Benson was not selected in the 2026 NFL draft. On May 4, 2026, he signed with the Kansas City Chiefs as an undrafted free agent after participating in the Chiefs' rookie minicamp. He made his NFL debut in the Chiefs' starting lineup in the first game of the 2026 season against the Denver Broncos. He played at left tackle, a position he never played in college; it was the first time in head coach Andy Reid's 13-year tenure with the Chiefs that an undrafted rookie started in the first game of a season for the team.

Pre-draft measurables
| Height | Weight | Arm length | Hand span | Wingspan | 40-yard dash | 10-yard split | 20-yard split | 20-yard shuttle | Three-cone drill | Vertical jump | Broad jump | Bench press |
| 6 ft 5+7⁄8 in (1.98 m) | 321 lb (146 kg) | 34+5⁄8 in (0.88 m) | 10+1⁄4 in (0.26 m) | 6 ft 9+3⁄4 in (2.08 m) | 5.09 s | 1.80 s | 2.94 s | 4.78 s | 7.80 s | 30.5 in (0.77 m) | 9 ft 1 in (2.77 m) | 23 reps |
All values from Pro Day

==Personal life==
Benson's cousin, Kevin Elliott, played football professionally for the Jacksonville Jaguars and Buffalo Bills of the National Football League (NFL).

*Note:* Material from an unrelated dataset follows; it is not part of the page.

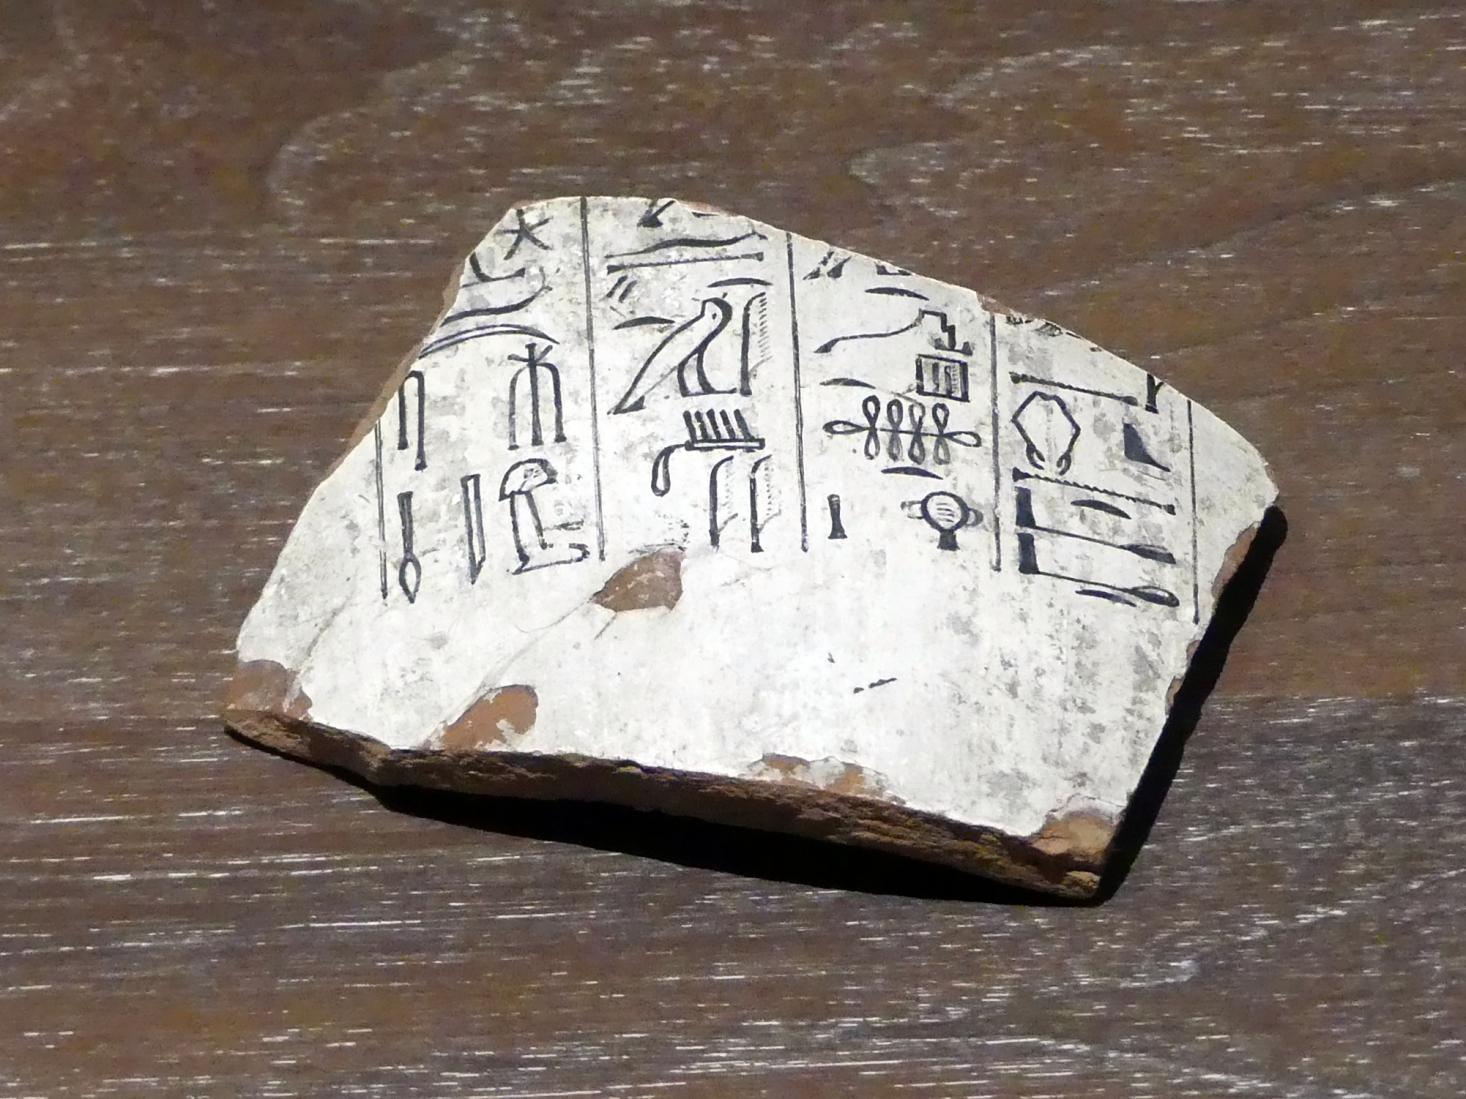 Teil einer Kanope (Eingeweidekrug) mit Gebet in hieroglyphischer Schreibung, 19. Dynastie, 953 - 887 v. Chr., 1200 v. Chr., Bild 1/2

During his time with the Colorado Buffaloes, Benson created a popular social media hashtag, #DT2, meaning "Don't Touch 2". It referred to the Colorado offensive line's commitment to protecting quarterback Shedeur Sanders, who wore jersey number 2, from opposing defenses.

Benson earned a bachelor's degree in sociology from the University of Colorado Boulder. He is a member of Omega Psi Phi.